### DATA PROVIDED
----------------------------------------

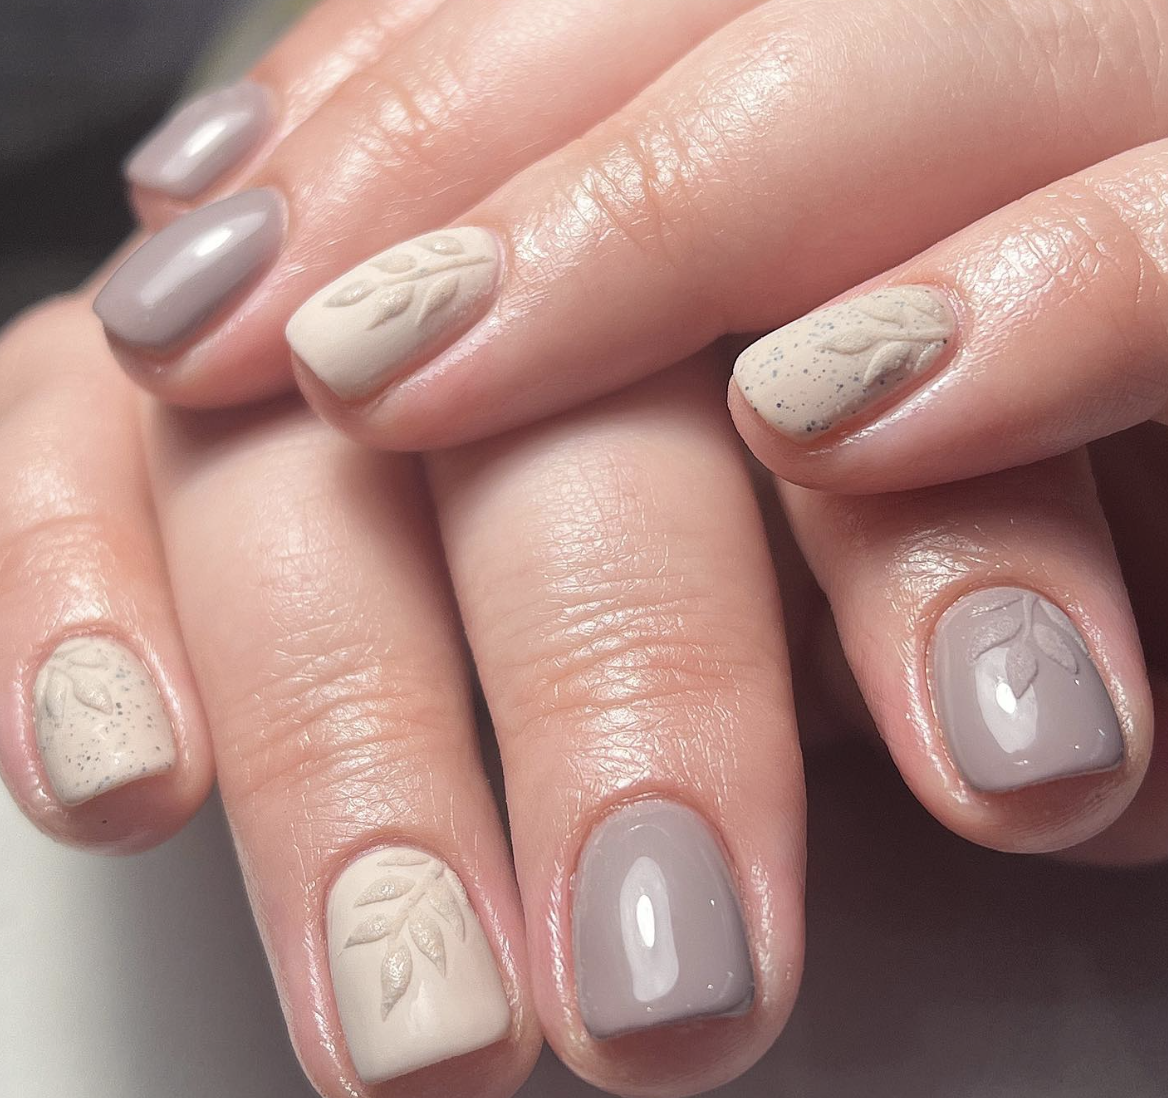 Image of nails in greige and beige with leaf detailing
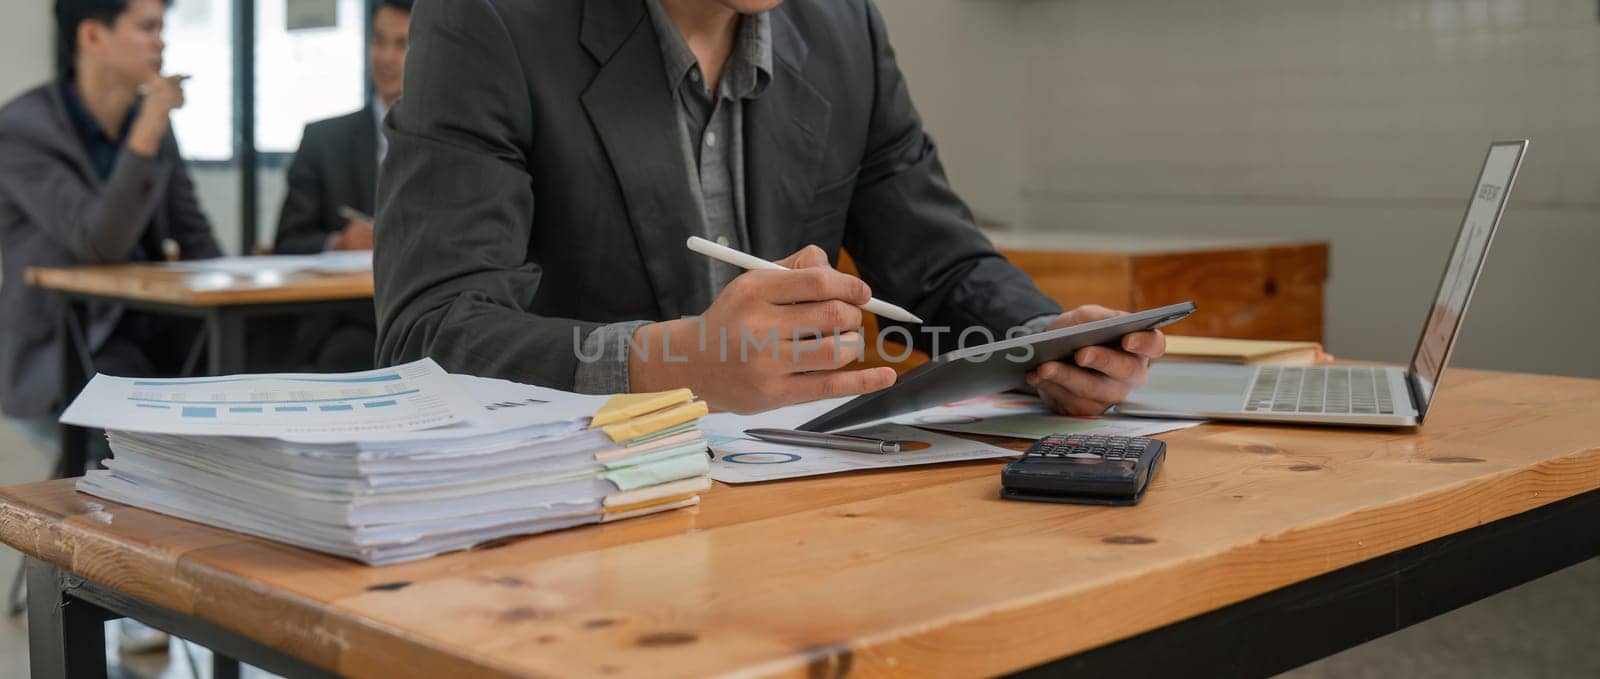 Business accounting concept, Business man using calculator with computer laptop and tablet in office by nateemee
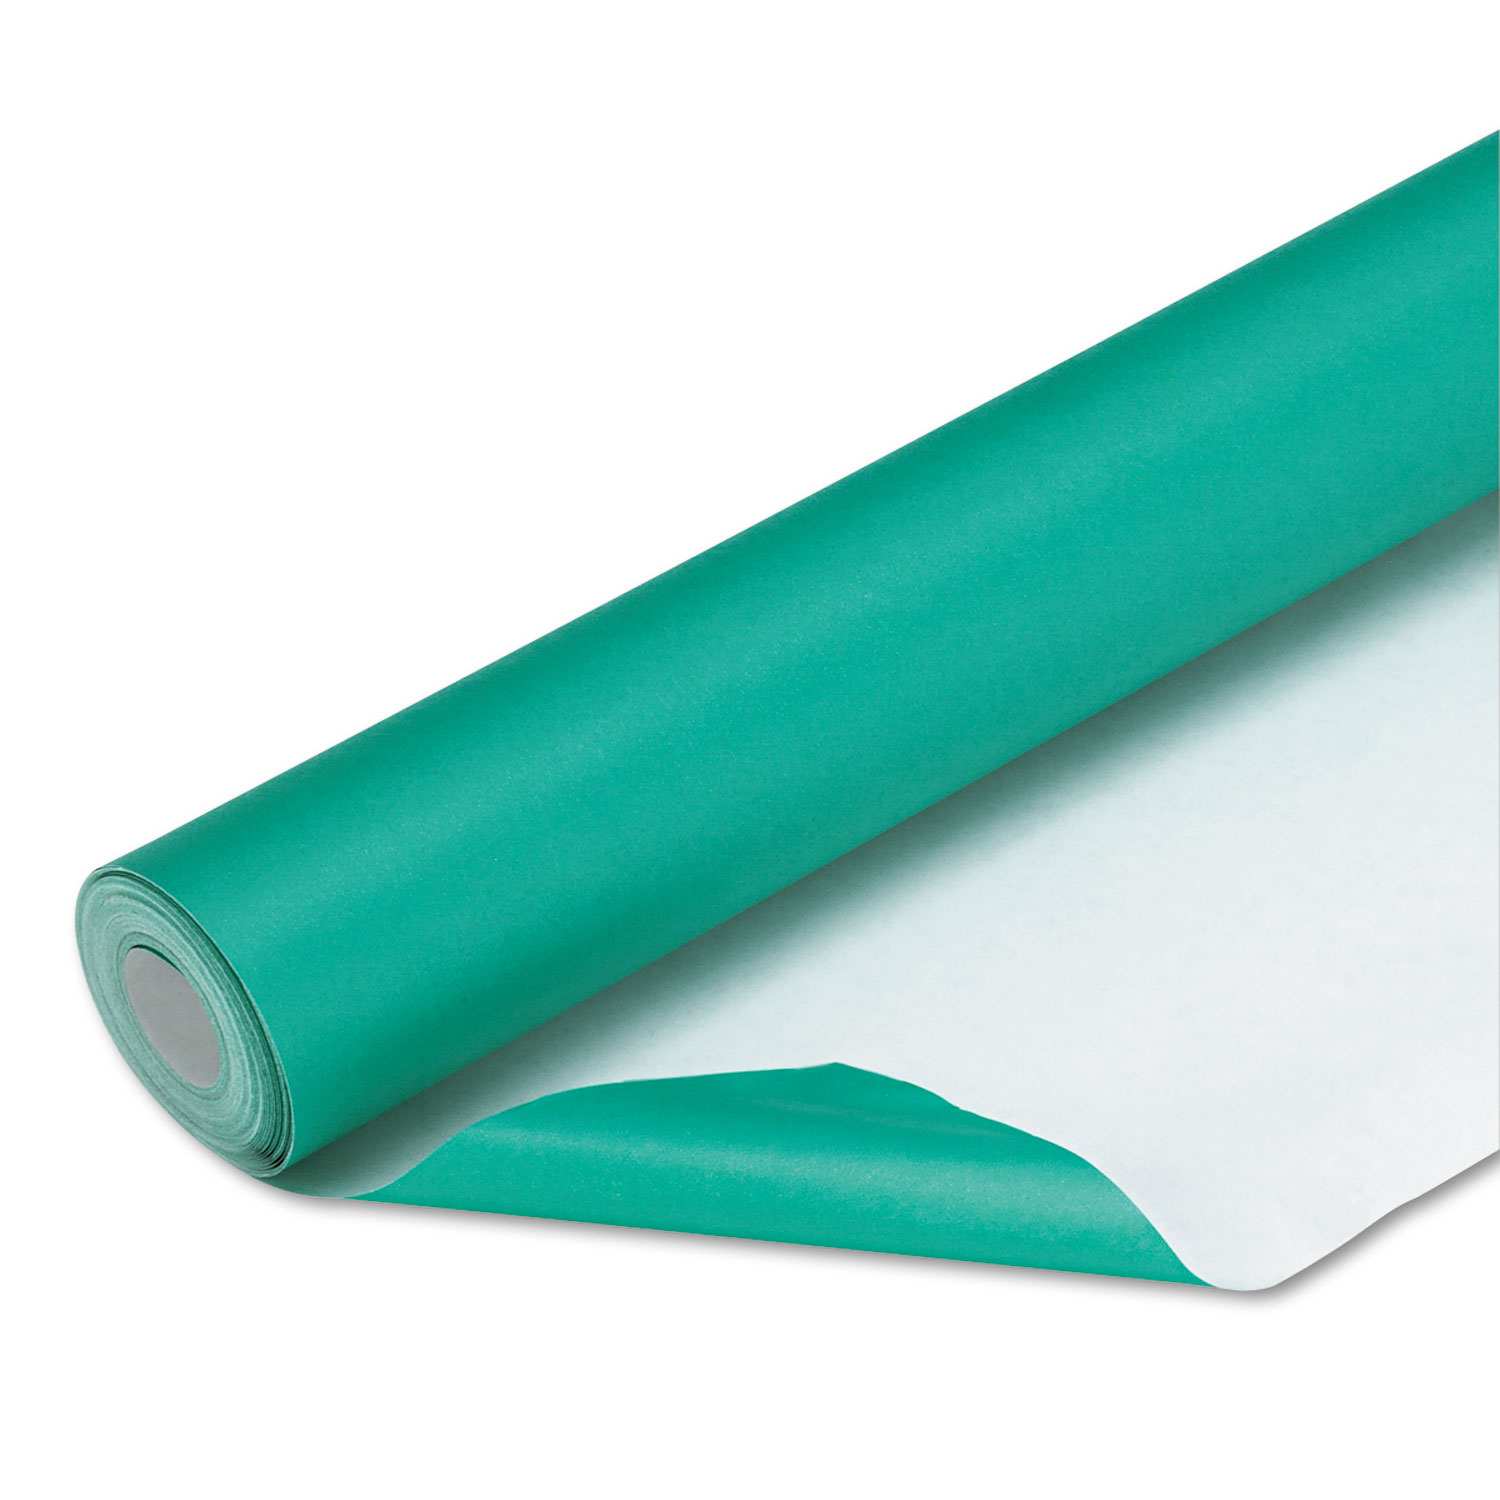  Pacon 57195 Fadeless Paper Roll, 50lb, 48 x 50ft, Teal (PAC57195)

----------------------------------------

### YOUR TASK
Once the pictures have been removed, reproduce each line of the material above exactly.

### REPLY TO THE EXERCISE
 Image of nails in greige and beige with leaf detailing
 Business accounting concept, Business man using calculator with computer laptop and tablet in office by nateemee
  Pacon 57195 Fadeless Paper Roll, 50lb, 48 x 50ft, Teal (PAC57195)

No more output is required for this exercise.